Using Gradient Boosting to Identify Pricing Errors in GLM-Based Tariffs for Non-life Insurance

Detta är en Master-uppsats från KTH/Matematik (Avd.)

Sammanfattning: Most non-life insurers and many creditors use regressions, more specifically Generalized Linear Models (GLM), to price their liabilities. One limitation with GLMs is that interactions between predictors are handled manually, which makes finding interactions a tedious and time-consuming task. This increases the cost of rate making and, more importantly, actuaries can miss important interactions resulting in sub-optimal customer prices. Several papers have shown that Gradient Tree Boosting can outperform GLMs in insurance pricing since it handles interactions automatically.
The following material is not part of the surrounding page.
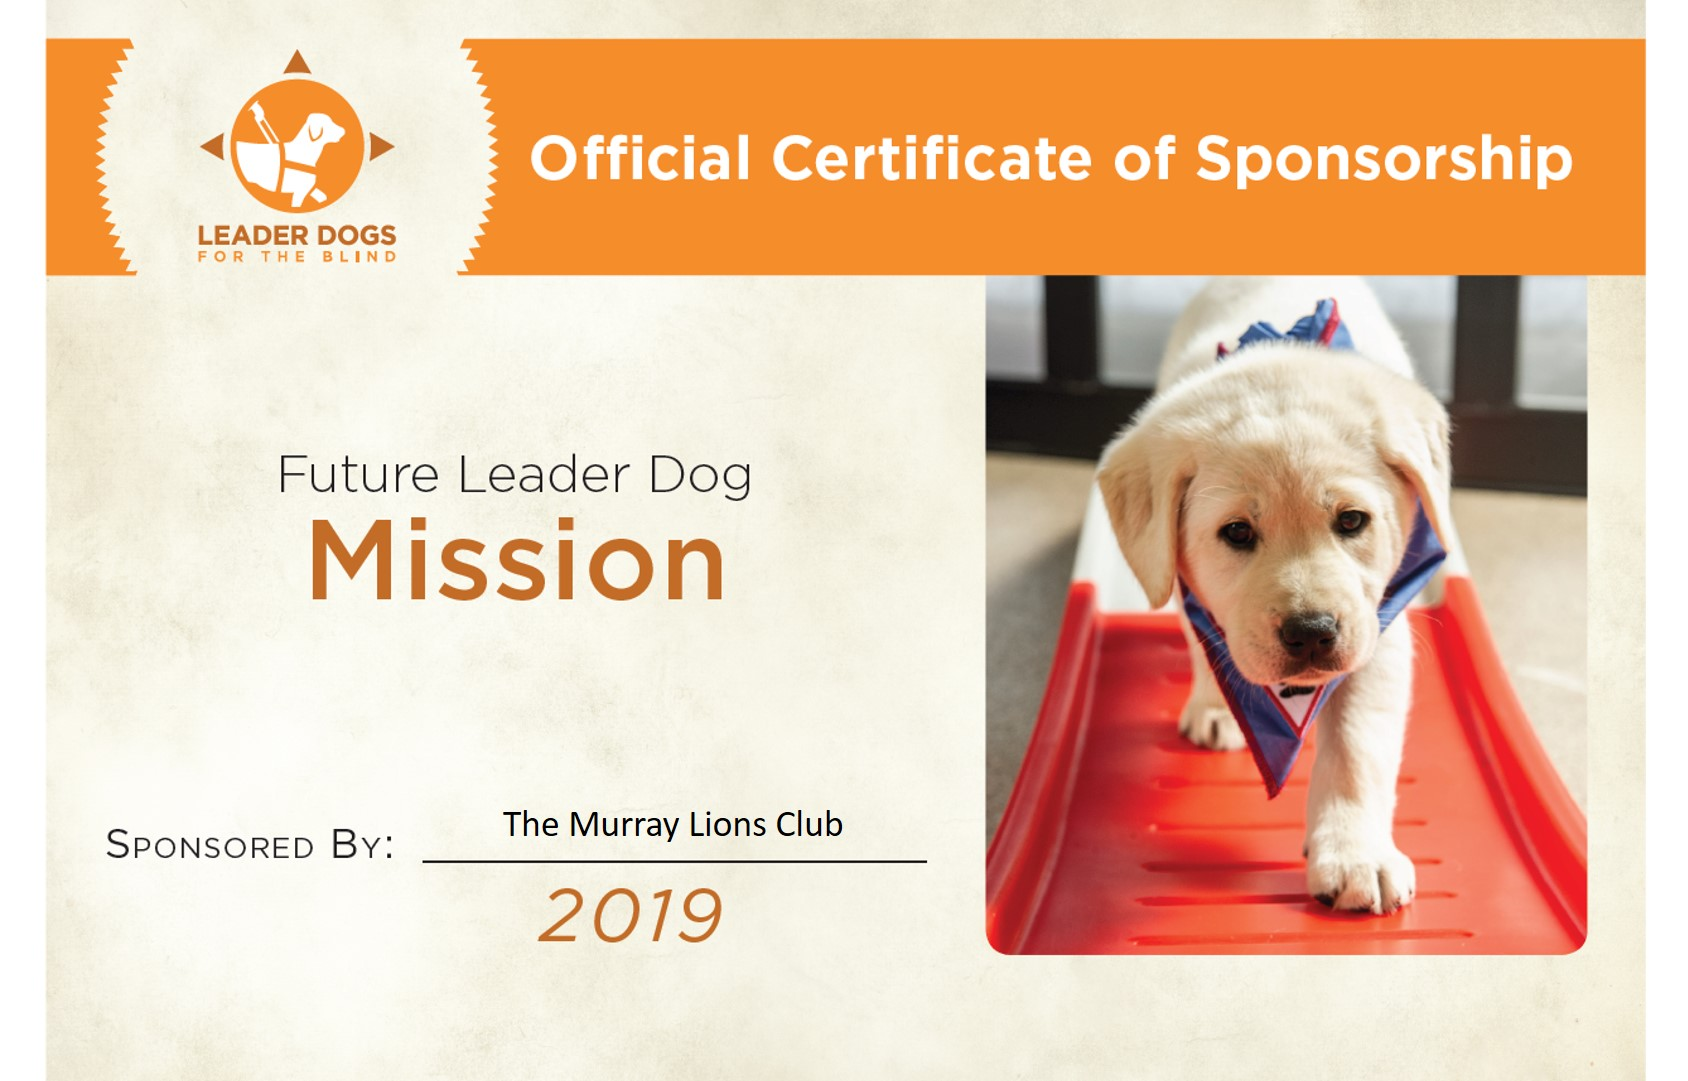 Mission Sponsorship

Insurers and creditors are however reluctant to use so-called ”Black-Box” solutions for both regulatory and technical reasons. Tree-based methods have been used to identify pricing errors in regressions, albeit only as ad-hoc solutions. The authors instead propose a systematic approach to automatically identify and evaluate interactions between predictors before adding them to a traditional GLM. The model can be used in three different ways: Firstly, it can create a table of statistically significant candidate interactions to add to a GLM. Secondly, it can automatically and iteratively add new interactions to an old GLM until no more statistically significant interactions can be found. Lastly, it can automatically create a new GLM without an existing pricing model. All approaches are tested on two motor insurance data sets from a Nordic P&C insurer and the results show that all methods outperform the original GLMs. Although the two iterative modes perform better than the first, insurers are recommended to mainly use the first mode since this results in a reasonable trade-off between automating processes and leveraging actuaries’ professional judgment.